Göteborg to drugie co do wielkości miasto w Szwecji i choć może nie jest tańsze, jest znacznie spokojniejsze i mniej zatłoczone.

Tutejsze urokliwe uliczki są pełne modnych barów, kawiarni i restauracji, wśród których każdy znajdzie idealne miejsce dla siebie. Latem odbywa się tu coroczny festiwal muzyczny Way Out West. Na turystów czeka również 101-letni park tematyczny Liseberg z rekordowymi kolejkami górskimi.

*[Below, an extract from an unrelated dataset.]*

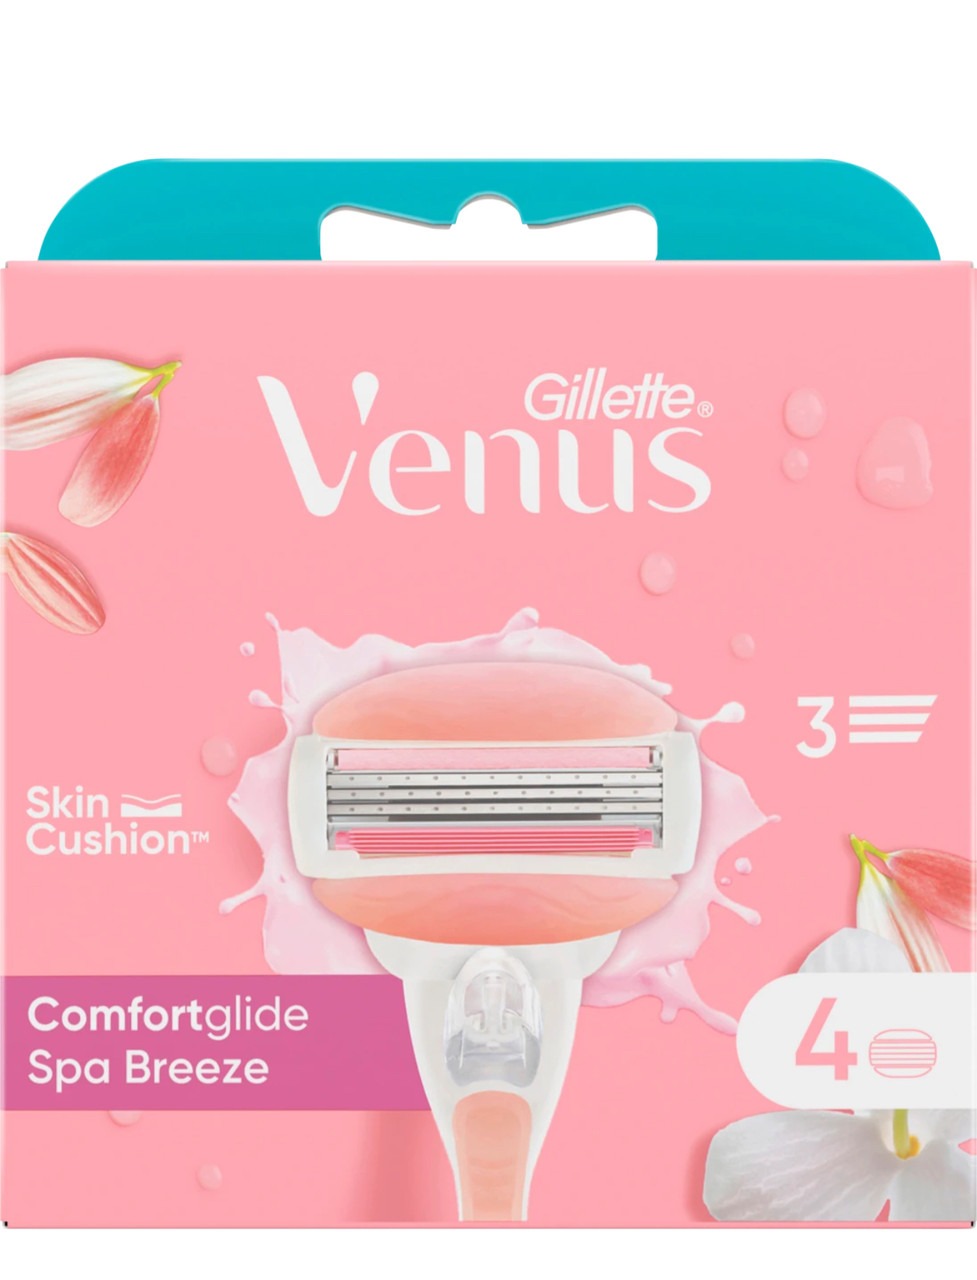 Сменные кассеты для бритья Gillette Venus Comfort Glide Spa Breeze 4 шт. - фото 1

Zamiast Paryża zajrzyj do Lille

Pomimo tego, że jest jedną z najsłynniejszych stolic na świecie, Paryż często może być rozczarowaniem dla turystów. Powstało nawet zjawisko o nazwie syndrom paryski. Jeżeli boicie się, że go "złapiecie", zajrzyjcie do Lille. Urocze miasto z bogatą historią z pewnością was zachwyci. Znajduje się tu m.in. Łuk Triumfalny, a gofry z kasztanowo-waniliowym kremem kupicie za ok. 15 zł.

Zamiast Madrytu wybierz Walencję

Chociaż wiele osób zamiast Madrytu wybiera Barcelonę, tak naprawdę Walencja będzie idealna dla tych szukających hiszpańskiego klimatu i odrobiny spokoju. Są tu bardzo smaczne tapasy, najpyszniejsza paella, a wino można kupić za zaledwie kilka euro.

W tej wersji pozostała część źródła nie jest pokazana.